Search for primordial black hole dark matter with X-ray spectroscopic and imaging satellite experiments and prospects for future satellite missions

TL;DR

This paper constrains the contribution of ultra-light primordial black holes to dark matter using X-ray and gamma-ray observations, highlighting current limits and prospects for future satellite missions to improve these constraints.

Contribution

It provides new observational limits on ultra-light primordial black holes as dark matter candidates and discusses the potential of future satellite missions to enhance these constraints.

Findings

PBHs with masses below 10^{16} g cannot constitute all dark matter.

Current data restrict PBHs lighter than 3×10^{16} g to less than 10% of dark matter.

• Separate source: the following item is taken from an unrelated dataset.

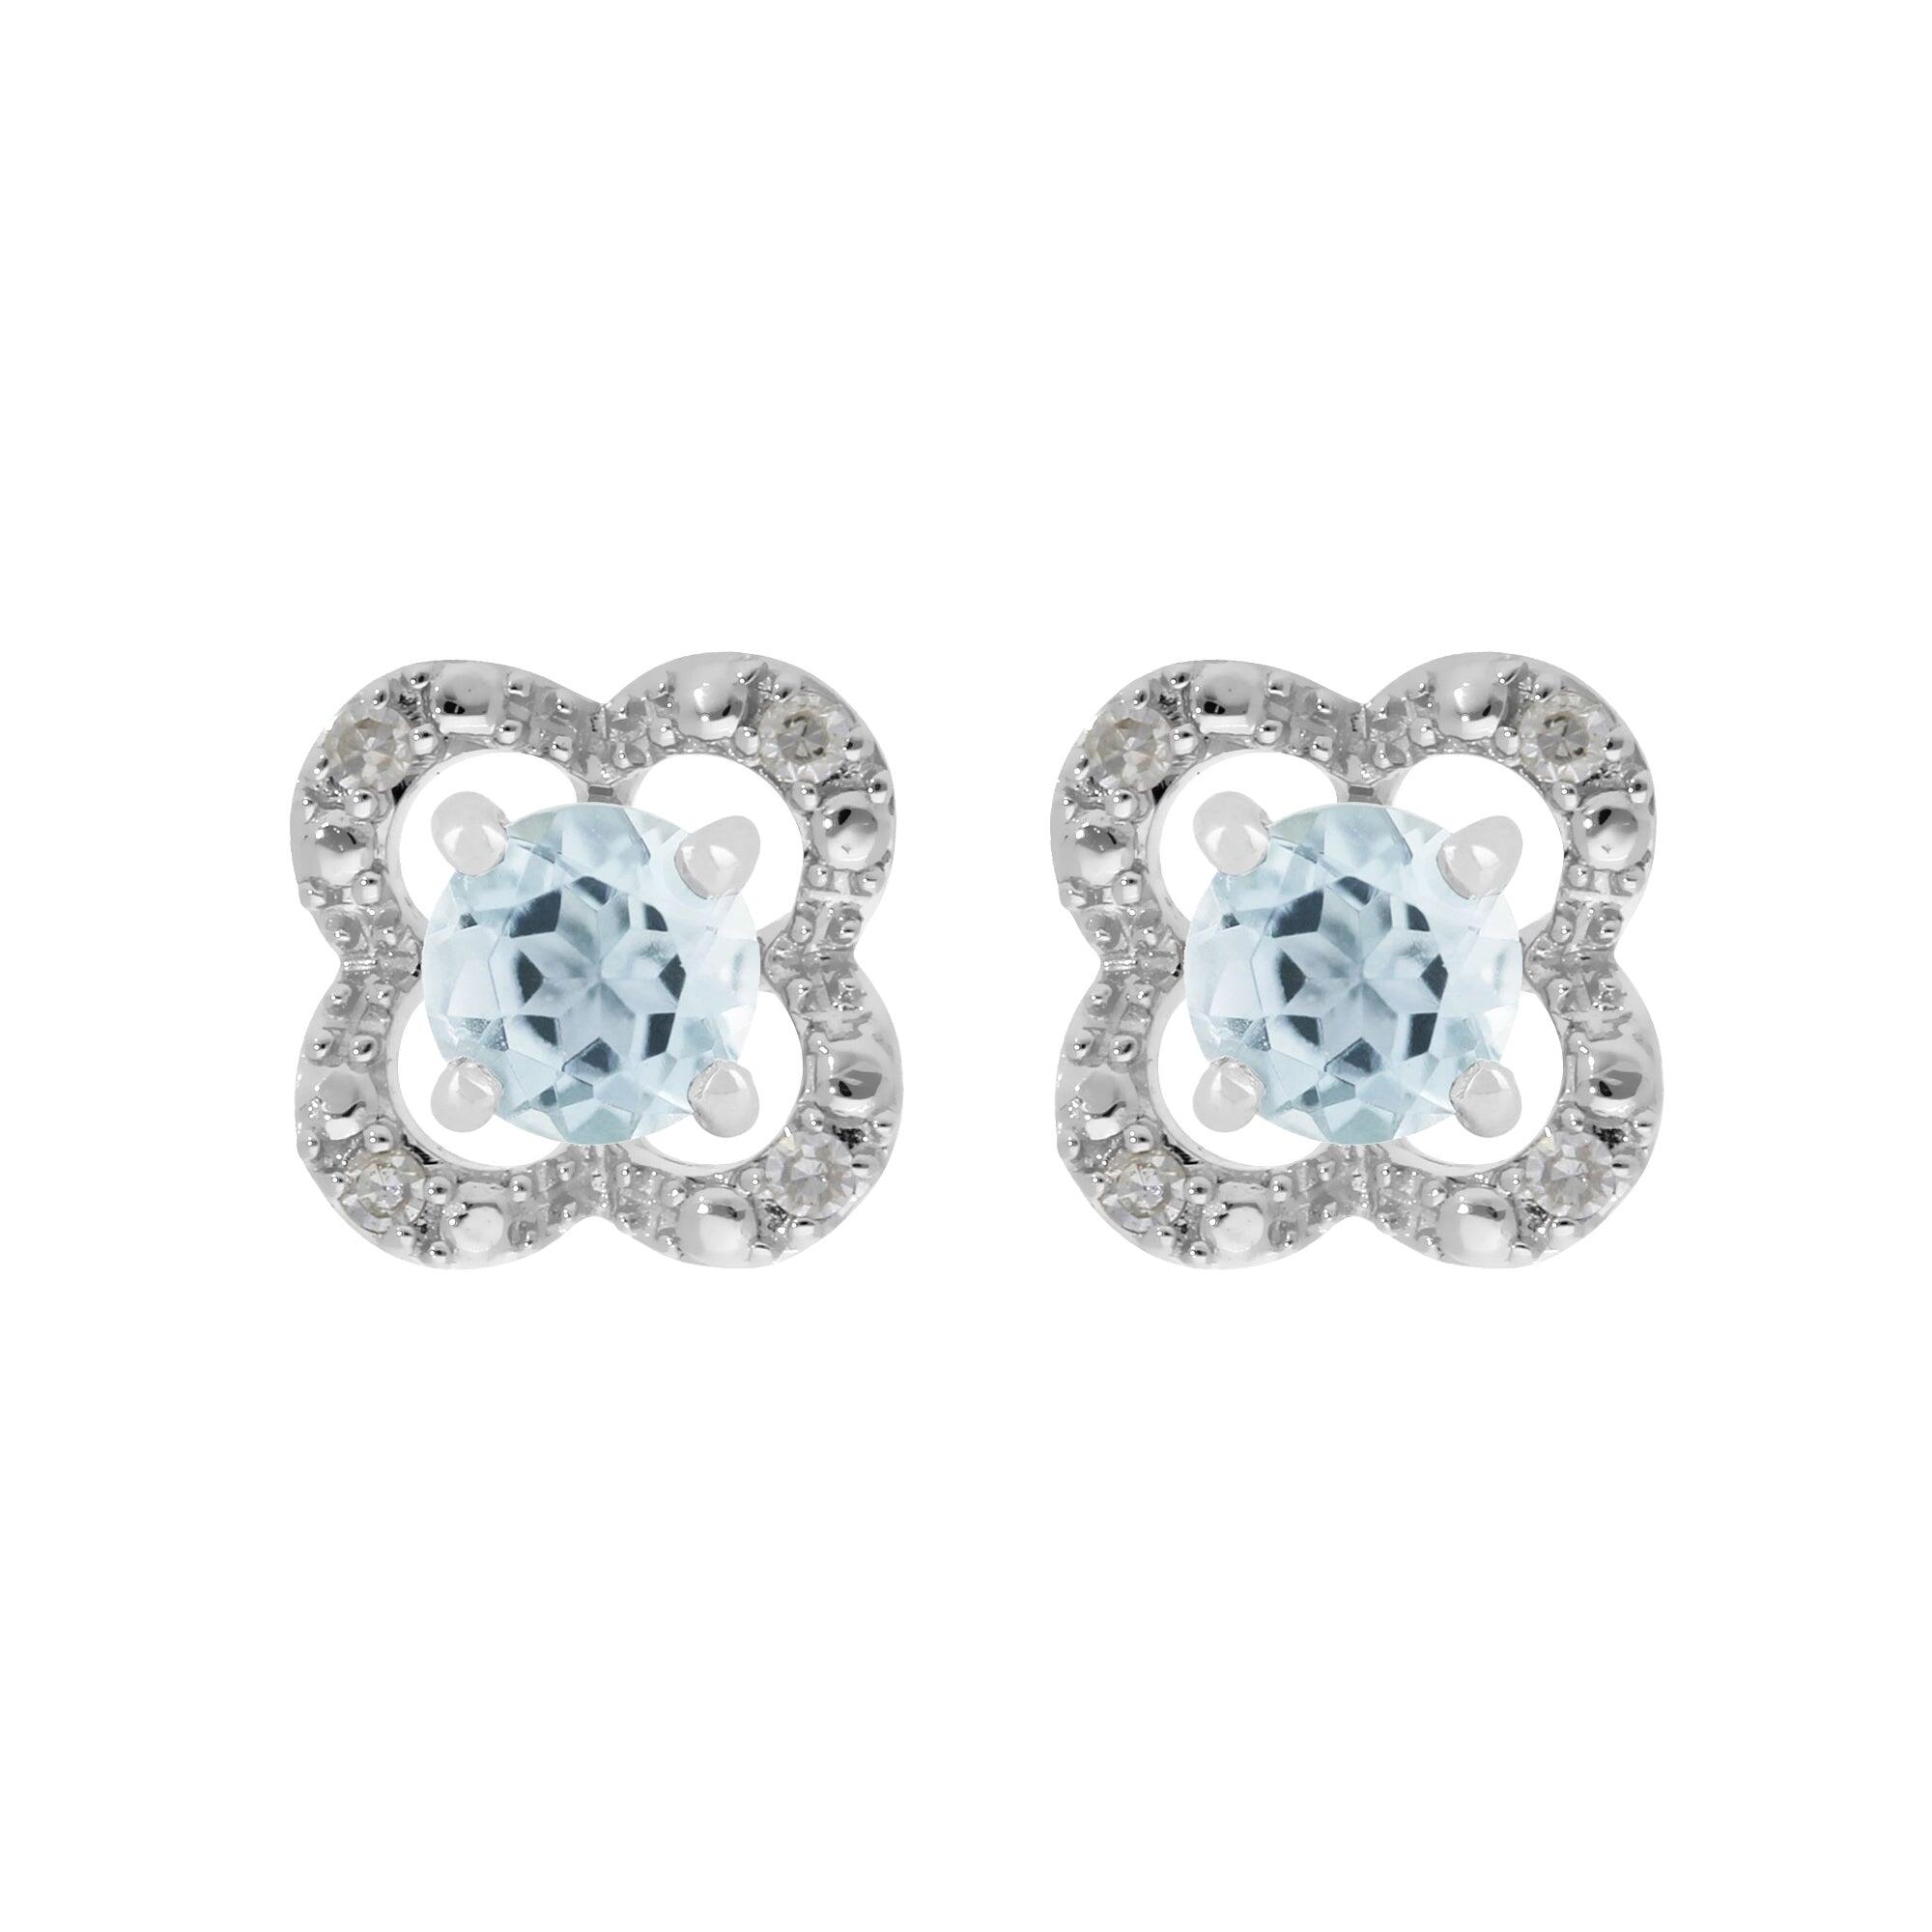 Classic Round Aquamarine Stud Earrings with Detachable Diamond Flower Ear Jacket in 9ct White Gold

Future missions like THESEUS could improve constraints by up to two orders of magnitude.

Abstract

Ultra-light primordial black holes (PBHs) in the mass range of 10$^{16}$ - 10$^{22}$ g are allowed by current observations to constitute a significant fraction, if not all, of the dark matter in the Universe. In this work, we present limits on ultra-light, non-rotating PBHs which arise from the non-detection of the Hawking radiation signals from such objects in the keV-MeV energy band. Namely, we consider observations from the current-generation missions XMM-Newton and INTEGRAL/SPI and discuss the observational perspectives of the future missions Athena, eXTP, and THESEUS for PBH searches. Based on 3.4 Msec total exposure time XMM-Newton observations of Draco dwarf spheroidal galaxy, we conclude that PBH with masses $\lesssim 10^{16}$ g can not make all dark matter at 95% confidence level. Our ON-OFF-type analysis of $>100$ Msec of INTEGRAL/SPI data on the Milky Way halo puts significantly stronger constraints. Only $\lesssim 10$% dark matter can be presented by PBHs with masses $\lesssim 3\cdot 10^{16}$ g while the majority of dark matter can not be represented by PBHs lighter than $7\cdot 10^{16}$ g at 95% confidence level. We discuss the strong impact of systematic uncertainty related to the variations of instrumental and astrophysical INTEGRAL/SPI background on the derived results and estimate its level. We also show that future large-field-of-view missions such as THESEUS/X-GIS will be able to improve the constraints by a factor of 10-100 depending on the level of control under the systematics of these instruments.